# Feldgrind espresso setting?



## JackBlackmore (Nov 1, 2015)

I think the burrs on my Ceado E7 may need replacing but before I do I wanted to try using my feldgrind to see if there's a noticeable difference.

I've only used the feldgrind for brewed so far but can anyone recommend the rough grind setting for espresso? I'd rather not waste beans being miles off


----------



## UncleJake (Mar 20, 2016)

I'm actually finding the Feld really easy to dial in.. I got my settings from the Feldgrind manual thread: http://coffeeforums.co.uk/showthread.php?30212-Made-By-Knock-Feldgrind-Manual-Tips-amp-Tricks-Modifications&highlight=feldgrind+manual

So far only tried 2 different beans - the first was just under 1.2 and the second nearer 1.


----------



## JackBlackmore (Nov 1, 2015)

lovely stuff, had no idea about that thread!
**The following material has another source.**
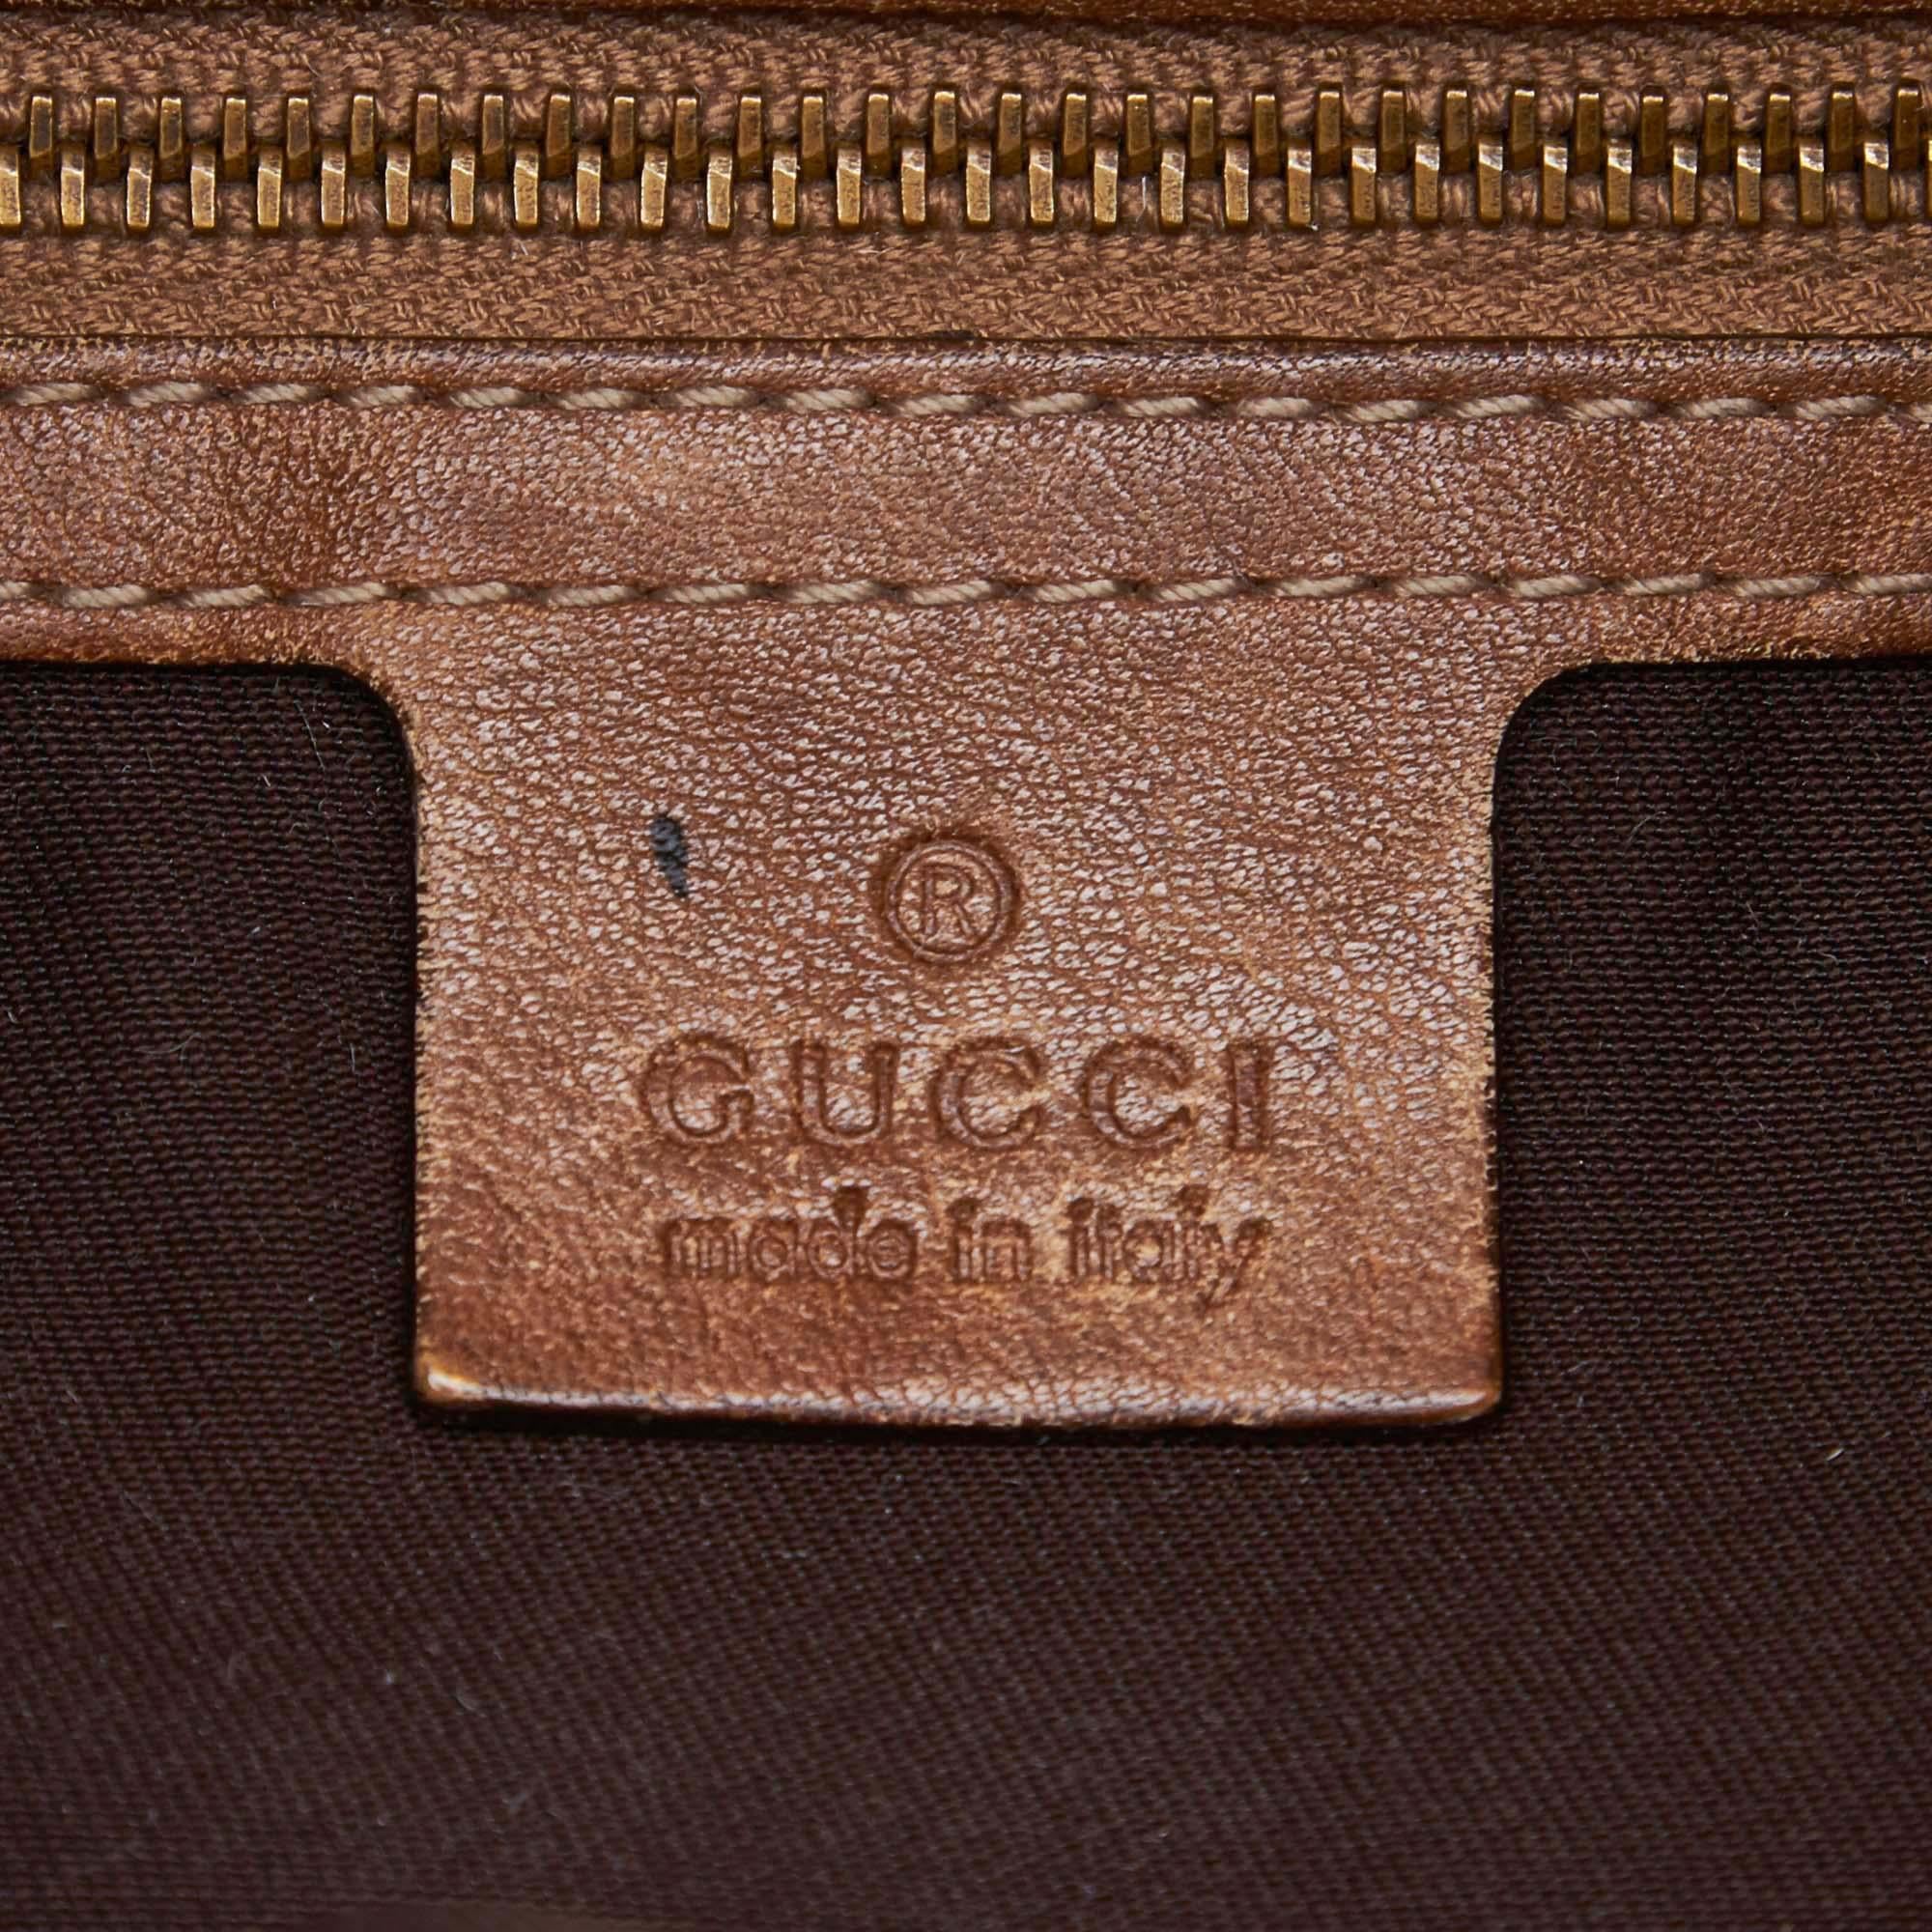 Vintage Authentic Gucci Black Leather New Pelham Satchel Italy MEDIUM  For Sale 2

Thank you


----------



## JackBlackmore (Nov 1, 2015)

ended up coming in at 1.5, looks like the burrs on my ceado are dull because (with a little elbow grease) the feldgrind produced a lurvly shot


----------



## I Know Nothing (Apr 3, 2016)

Hello Jack,

For my La Pavoni, 1R +2 works well with the beans I've been using so far.

Tony


----------



## UncleJake (Mar 20, 2016)

JackBlackmore said:


> ended up coming in at 1.5, looks like the burrs on my ceado are dull because (with a little elbow grease) the feldgrind produced a lurvly shot


I can't get over how good it is.


----------